I often think about how to work better, which means how to do more with less, and how to stretch my attentional dollar. Working better comes down to using time with more focus by having a creative objective for the moment. But this approach doesn’t come naturally to me. My default is to perpetually wander (which I like to think connects to a sense of wonder), so I work at having objectives. You could call it an experiment that I’m free to quit any time I wish. But I haven’t quit yet because the approach works. 

In an interview on Tennis Channel, Rafael Nadal spoke about what makes great players so great. In a memorable formulation, he says: “I think that controlling time is what leads you to success.” Nadal said that the greats have super fast reaction times, allowing them to assess and respond to a situation almost before it has transpired and make micro-adjustments on the fly. This observation reminded me that what tennis looks like from a viewer’s perspective is different from what it feels like for a master player. Great players shift their thinking into a more intuitive gear, a gear not so encumbered by conscious deliberation.

Outside of sport, controlling time is required to maintain a creative objective and there are numerous ways to do that. The first way it to allocate a tiny amount of time to a task.
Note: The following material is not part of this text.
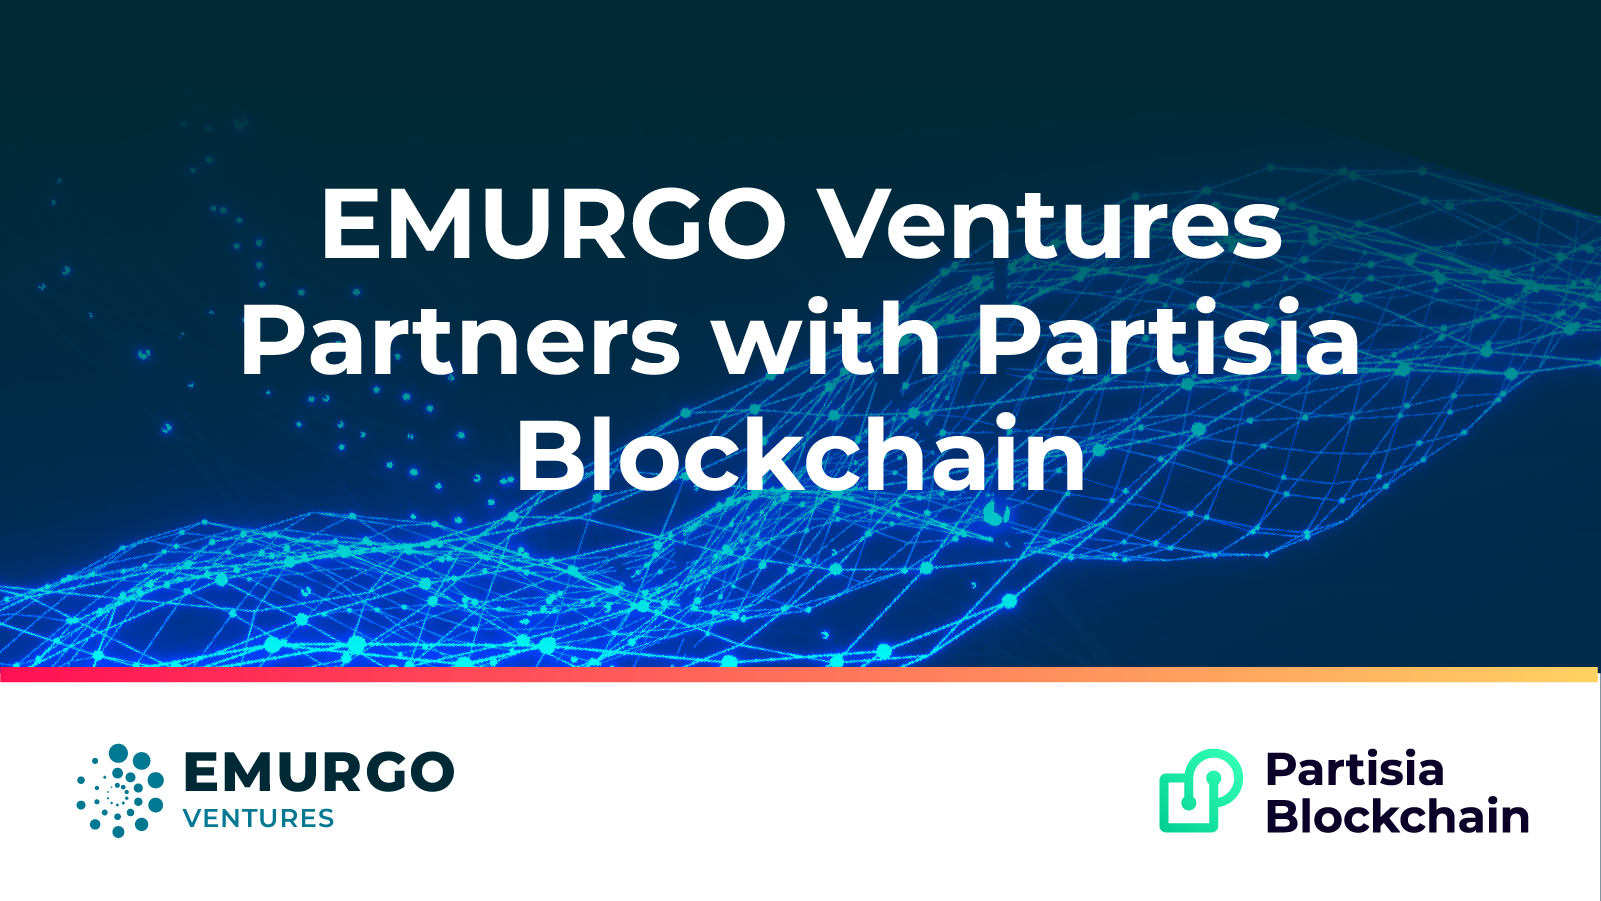 EMURGO-Ventures-Partnership-Partisia-Blockchain-Cardano-Privacy-Features1.png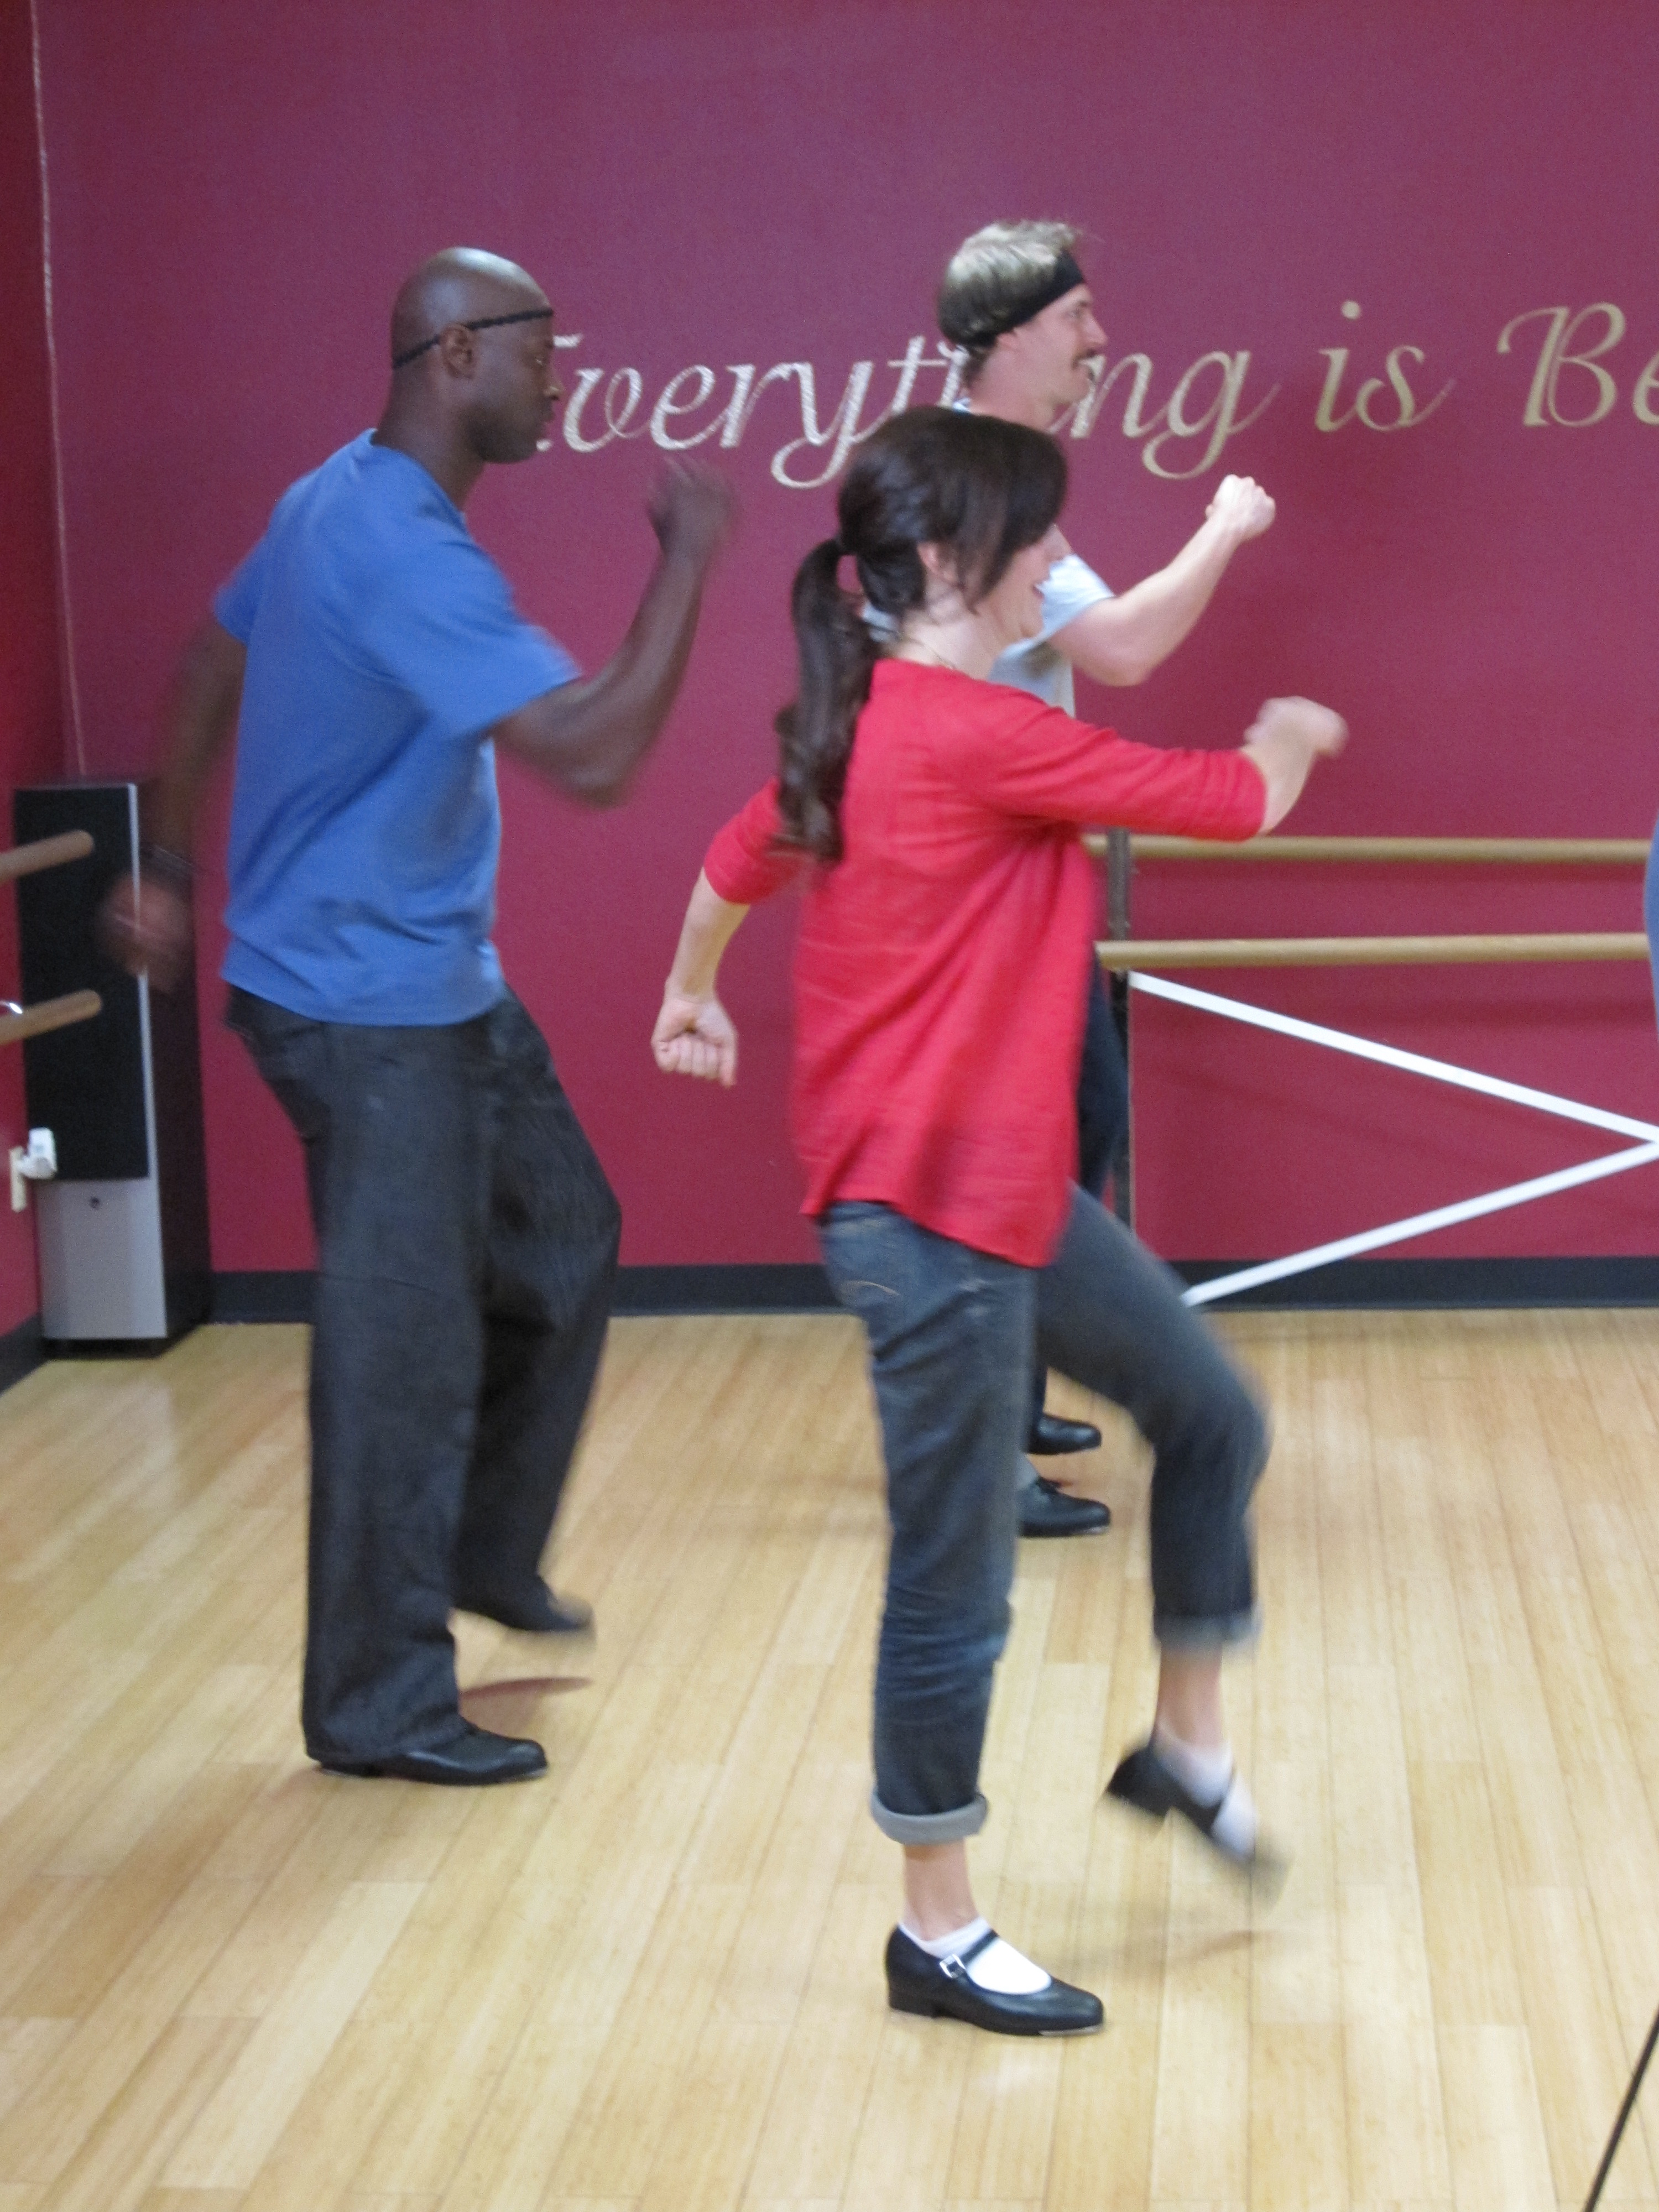 Nadia Dajani tap dancing with baseball players LaTroy Hawkins and John Axford.

These blog posts are often written this way—as “warm ups” for more substantial writing that may never materialize. One advantage of using tiny bits of time in this way is that they’re easy to fill. Caught on a crowded subway car with eight stops to go? No problem—take out your phone and write some notes. A second way to control time is to allocate a single task to a given time span. I do this with improvising, or editing, and always limit the work to a single type: as much as I want to edit something I’ve just played or written, I’ll leave that for another session. A third way to control time is to take a few moments to consider how the work (the music, the writing, etc.) is affecting your sense of time. Is it taking you out of time? Is it returning you to an earlier time? Is it pointing towards future times? Does it seem impatient with time or luxuriate in it? I thought about these aspects of time recently while I was experimenting with delay-lay-lay-lay effects. I was delightfully caught off guard by how a few pitches can transform into a grand, liquid sound, and I was surprised by how this sound re-booted my sense of time: I just sat there, mesmerized, and for a while could think of nothing but the virtues of echo. Very seductive. All of the work we do has a relationship to time in the sense that it took us time to make it, and in the sense that it shapes how we feel time. In fact, one of the reasons why “great works” are great is that they deeply affect our sense of time. That’s why we call them “timeless”—they seem unaffected by, or outside of, time. 

Back to Nadal’s quote about controlling time. In addition to referring to players’ reaction times, he was saying that it’s important to control one’s focus, not get ahead (or behind) oneself, and stay in the moment. For me, working better is figuring out ways to use time to access different patterns of perception. Surely there’s more than one way to feel and inhabit this passing moment?